I’m not a hackathon kinda guy. I don’t get off on solving hard or novel problems. I don’t believe in contests. I’m not particularly energized by the idea that a whole bunch of us are trying to solve the same problem at once— I do believe in community, and I appreciate being able to interact with other developers, but on a different level than just getting into the same (virtual or physical) room together, eyes to the computer screen.
So why then did I participate in the Dallas/Fort Worth Perl Mongers
Winter 2013 Hackathon?
If we’re looking for root causes, the article that ultimately inspired my motivation, I think, was Paul Graham’s essay, “Beating the Averages.” In this famous piece, Paul tells the story of how, back in 1995, he and Robert Morris created Viaweb, which was an early e-commerce platform (bought by Yahoo! in 1998, to become Yahoo! Store). They chose to develop Viaweb using Lisp, because, Graham says:
Our hypothesis was that if we wrote our software in Lisp, we’d be able to get features done faster than our competitors, and also to do things in our software that they couldn’t do. And because Lisp was so high-level, we wouldn’t need a big development team, so our costs would be lower… We would end up getting all the users, and our competitors would get none, and eventually go out of business… Somewhat surprisingly, it worked.
The thing is, this sounds an awful lot like what Buddy Burden calls “Getting Shit Done”:
With other languages, I have to spell out every little thing. With Perl I can do the coding equivalent of saying “you know: do the thing with the thing” and it will just trundle off and do that. People say that magical variables like
$_are hard to learn. They’re not. They’re hard to teach. They’re sometimes hard to understand completely, difficult to grok, we might say. But they’re not hard to learn, because there’s nothing to learn. They just work.
Writing in a computer language must accomplish two things: (1) tell the computer how to solve the problem with which it’s being tasked, and (2) tell humans how the computer is solving the problem with which it’s being tasked. The first you can accomplish in Brainfuck. The second makes high-level development possible and requires a much more expressive language.
And that is what Perl was designed to do.
But this is not really an article about the power of Perl. I’m a long-time Perl devotee, true, but that’s because I believe, on faith and experience, in the value of the Perl ecosystem.
However, in my software career, I have often had to battle the forces of quick-and-dirty development, and the prevalent—usually false—belief that there is a time and place for “quick and dirty.”
How fast can a good developer produce quality software using a disciplined process?
The hackathon had a simple aim: to develop a Perl program that could scan 100GB worth of files and find all the duplicates, as fast as possible. But the contest had other competition categories, besides Fastest Runtime. In particular, it had categories for Most Features and Best Documentation.
So I decided to participate in the hackathon, and read up on deduplication theory (most of which has to do with deduplicating database records, not files), and analyzed the problem and decided on a suitable algorithm.
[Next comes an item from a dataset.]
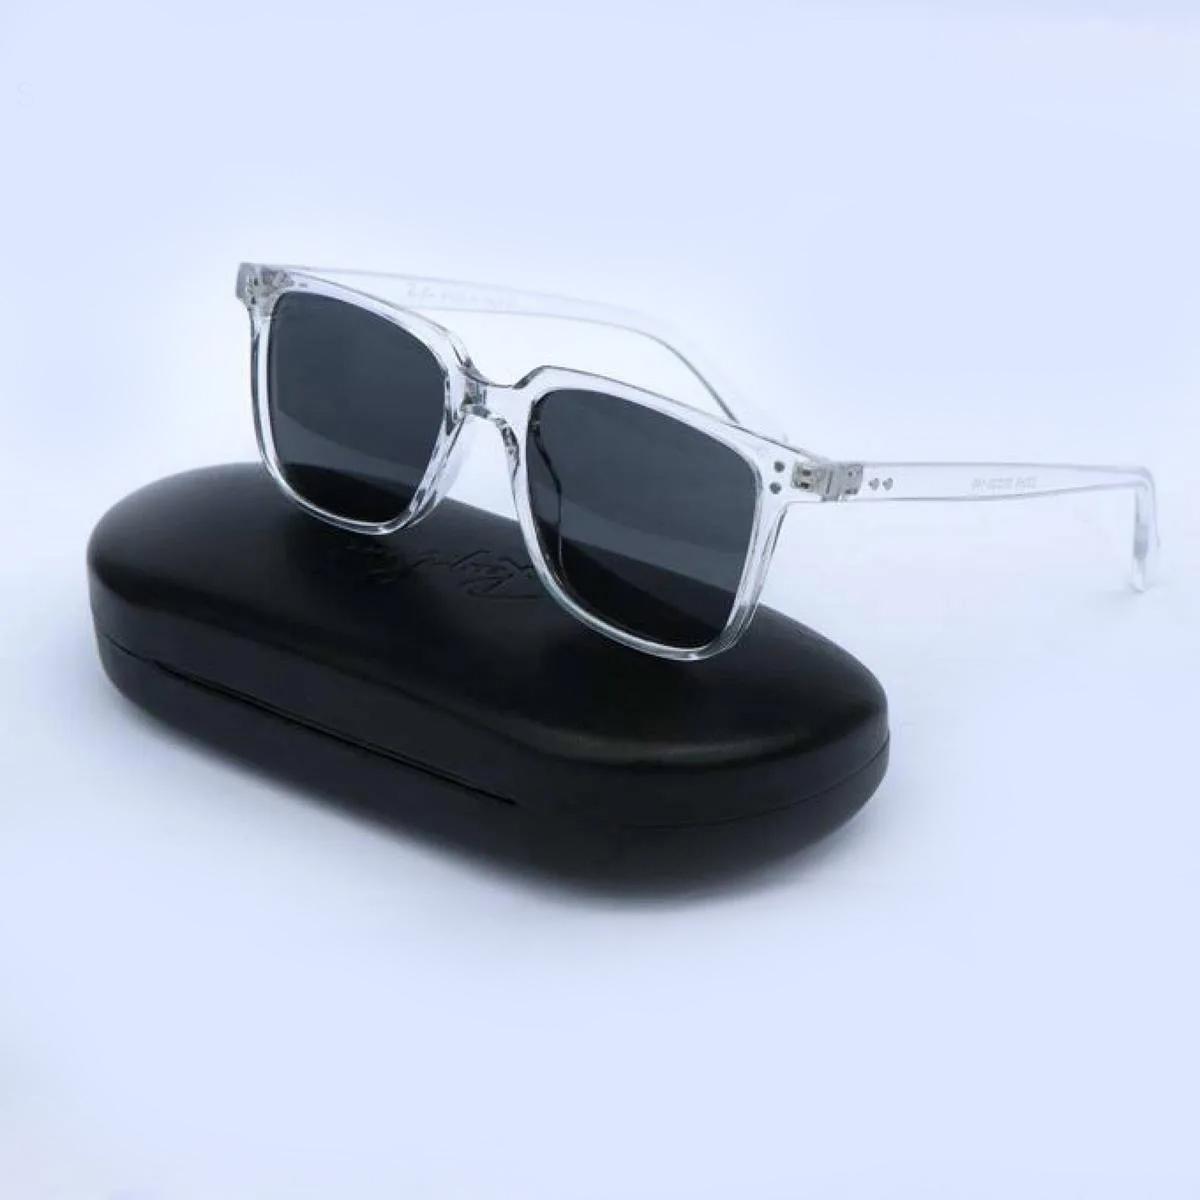 Transparen Frame Sunglasses for Men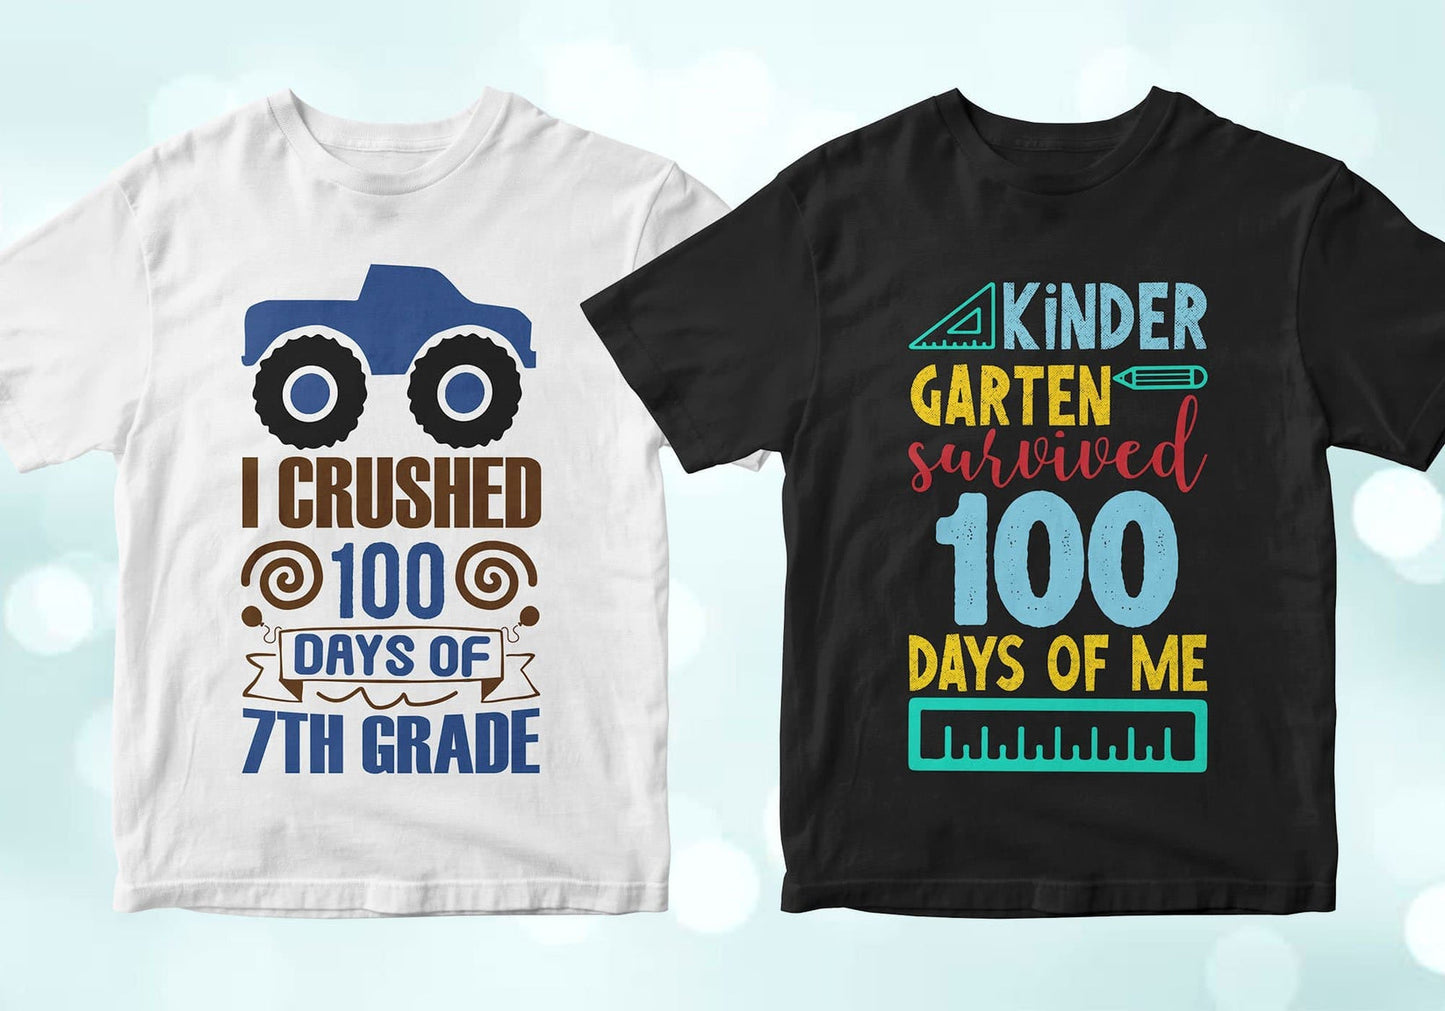 I crushed 100 days of 7th grade, Kindergarten survived 100 days of me

Briefly, I would hash files using a variety of hash functions, grouping them by hash value. The simplest, broadest hash function would simply look up and return each file’s size in bytes. (Yes, file-size is indeed a hash function.) Any collisions in file size would be resolved by using progressively better hash functions, culminating in something like SHA1 (used by git to detect universal uniqueness).
By this time, most of the month-long contest period had already elapsed. My first commit happened on December 29, for a January-8 drop-dead date (but we needed to submit our code for judging a couple days before that).
It seemed a perfect opportunity to test my preferred development values:
- Develop a proper architecture, with separation of concerns; not a 500-line hack script. (And I’ve done plenty of those in my day, too.)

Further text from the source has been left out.